I think you forget that the neutrality was put into place specifically to deal with the network providers messing with netflix among other service's data in favor of their own services.  That IS how we dealt with it.

You keep talking about being able to get optimized services, but those are legal and common now.  Getting rid of net neutrality won't enable those.  Throttling your competitors services to the point of degrading their service isn't an optimized service.

Brian Cluff


On 11/25/2017 07:24 PM, Herminio Hernandez, Jr. wrote:
I do understand those concerns, but those types of abuses have existed in the past and were dealt with before there was Net Neutrality. I do really think that the bigger threat from the big content providers and not the ISPs.

On Sat, Nov 25, 2017 at 7:12 PM, <techli...@phpcoderusa.com <mailto:techli...@phpcoderusa.com>> wrote:


    I hear you.  If everyone would play fair I would think slicing up
    data usage is fair.  I watch a lot of YouTube, however I do not
    need 4k.  My main concern is for businesses who use the Internet
    to market and do business.  As you probably know there is a move
    from brick and mortar to online stores and more so to selling on
    Amazon.

    If there is no net neutrality and GoDaddy invests in timewarner,
    then timewarner could keep people from seeing your website that is
    hosted on HostGator. Then Godaddy could coerce you into moving to
    GoDaddy or pay a fee to GoDaddy or timewarner.

    I see some serious antitrust coming. We need to get ICAAN back and
    we need to keep the Internet the Wild West to some degree. I do
    see Google is headed for some antitrust law suites, and maybe
    Government oversight. Government oversight is scary given how
    corrupt our Government is.



    On 2017-11-24 12:31, Herminio Hernandez, Jr. wrote:

    I will start with some thoughts on why I find the NN debate
    troubling. First there is a technical misunderstanding. NN is
    built on the idea that ISPs should treat all traffic equally.
    This concept is simply unrealistic. Bandwidth is a limited
    resource there is only so much data that a Ethernet port can
    transmit and receive. Also things like MTU size, latency, jitter
    all impact the reliable transmission of data which bring me to my
    other point. Not all traffic is the same. There are night and day
    differences between TCP and UDP traffic. For example UDP (which
    is what most voice and video is) is faster than TCP. The drawback
    to this is that UDP does not have the recovery features that TCP
    has in case of packet loss (ie sequence number and acknowledgment
    packets). There UDP applications are more prone to suffer when
    latency is high or links get saturated.
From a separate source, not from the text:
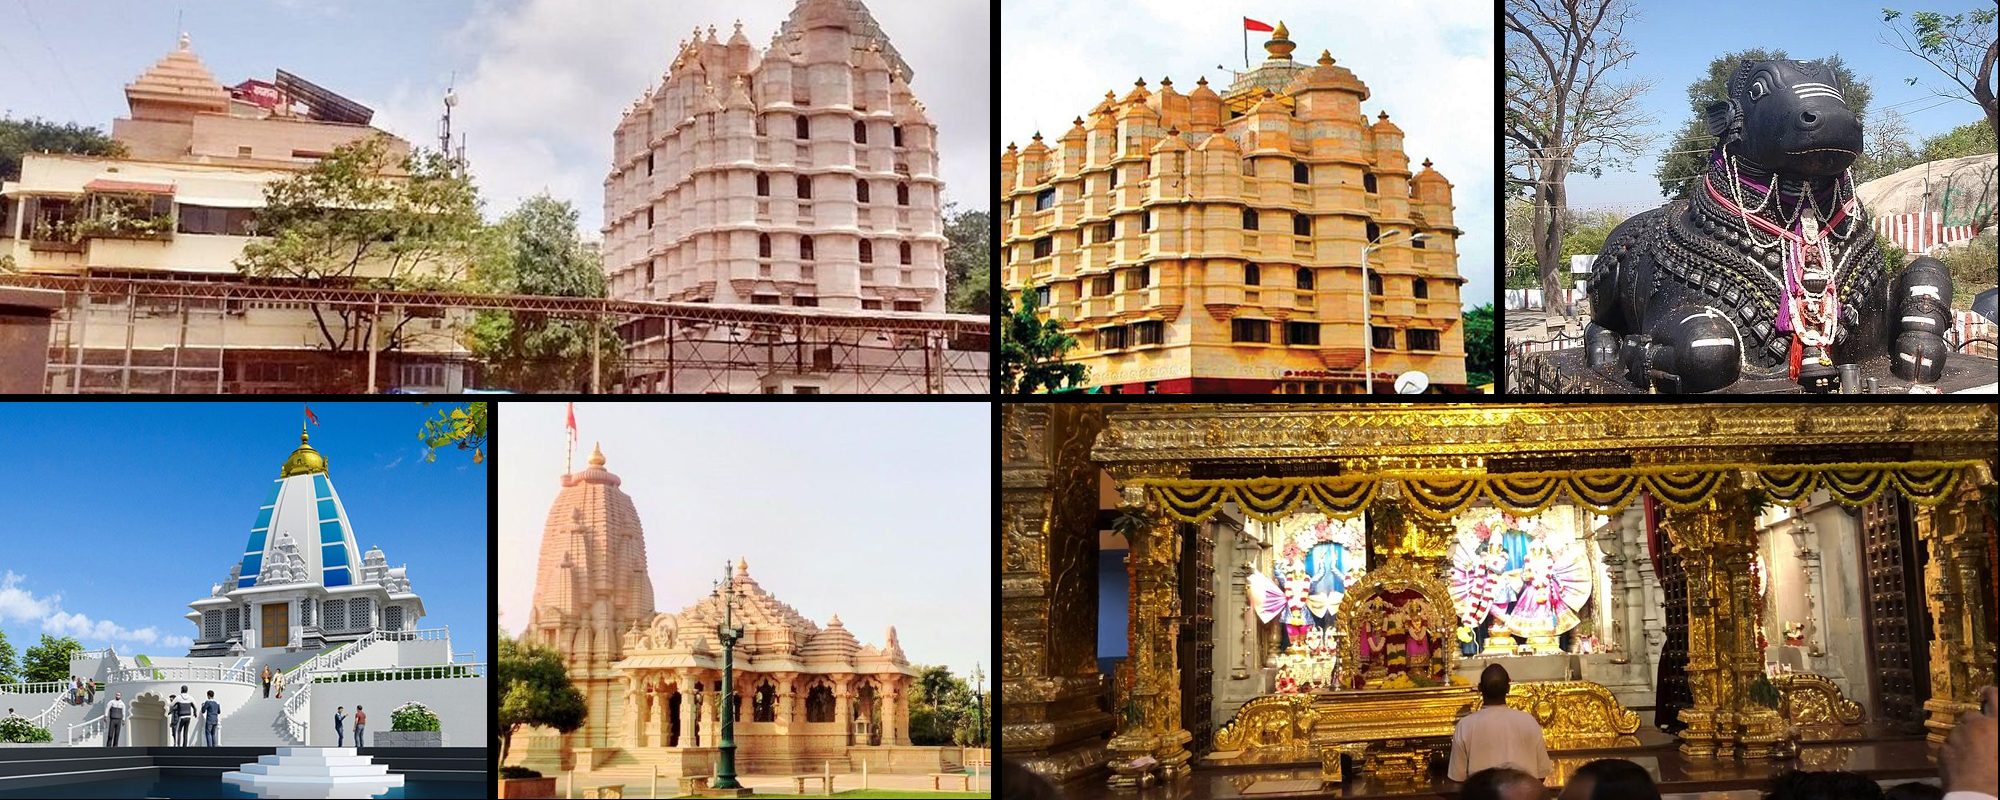 Indian Temple Architecture and Designs

To overcome this network
    engineer implement prioritization and traffic shaping to ensure
    these services are not impacted.
    As more content is consumed such as 4K video on the internet, the
    need for traffic shaping will only increase. Netflix already has
    the ability to push 100Gbps from their servers. That is a ton of
    data that needs to be prioritized by ISPs. This is not free there
    are serious costs involved in man hours and infrastructure.
    Someone needs to bear that cost. This is why I am not opposed to
    fast lanes. If Netflix is going to have ISPs ensure all of the
    massive amounts to data are push is delivered efficiently, then
    the ISPs should be free to charge a premium for this service.
    Netflix does not want to bear this cost, hense their support for
    Net Neutrality. They want the ISPs to bear the cost, but then
    result of that is we bear the cost via data caps.
    When you strip away all the slogans it all comes down to money
    and control. Data will be traffic shaped it is just who decides
    how unelected government bureaucrats pushing some public policy
    or market forces.
    Something else to consider a lot not all but a lot of the very
    same people who cry that the end of Net Neutrality will be end of
    free speech (no more free and open internet) have no issue saying
    Twiiter, Facebook, and Google (since they are 'private
    companies') have the right demonetize, obscure, or even ban
    individuals who express ideas that other deem "offensive". How is
    that promoting a "Free and Open Internet"?

    On Fri, Nov 24, 2017 at 10:24 AM, Eric Oyen <eric.o...@icloud.com
    <mailto:eric.o...@icloud.com>> wrote:

        well, as someone else suggested, a new thread.

        so, shall we start the discussion?

        ok, as mentioned, bandwidth is a limited resource. the
        question is How limited?

        Then there is the question: can an ISP curtail certain types
        of traffic (null route it, delay it, other bandwidth shaping
        routines)? How far can they go?

        What really is net neutrality?

        lastly, what part does the FCC play, or should they?

        so, any thoughts on the above questions?

        -eric
        from the central offices of the Technomage Guild, you got
        questions, we got answers Dept.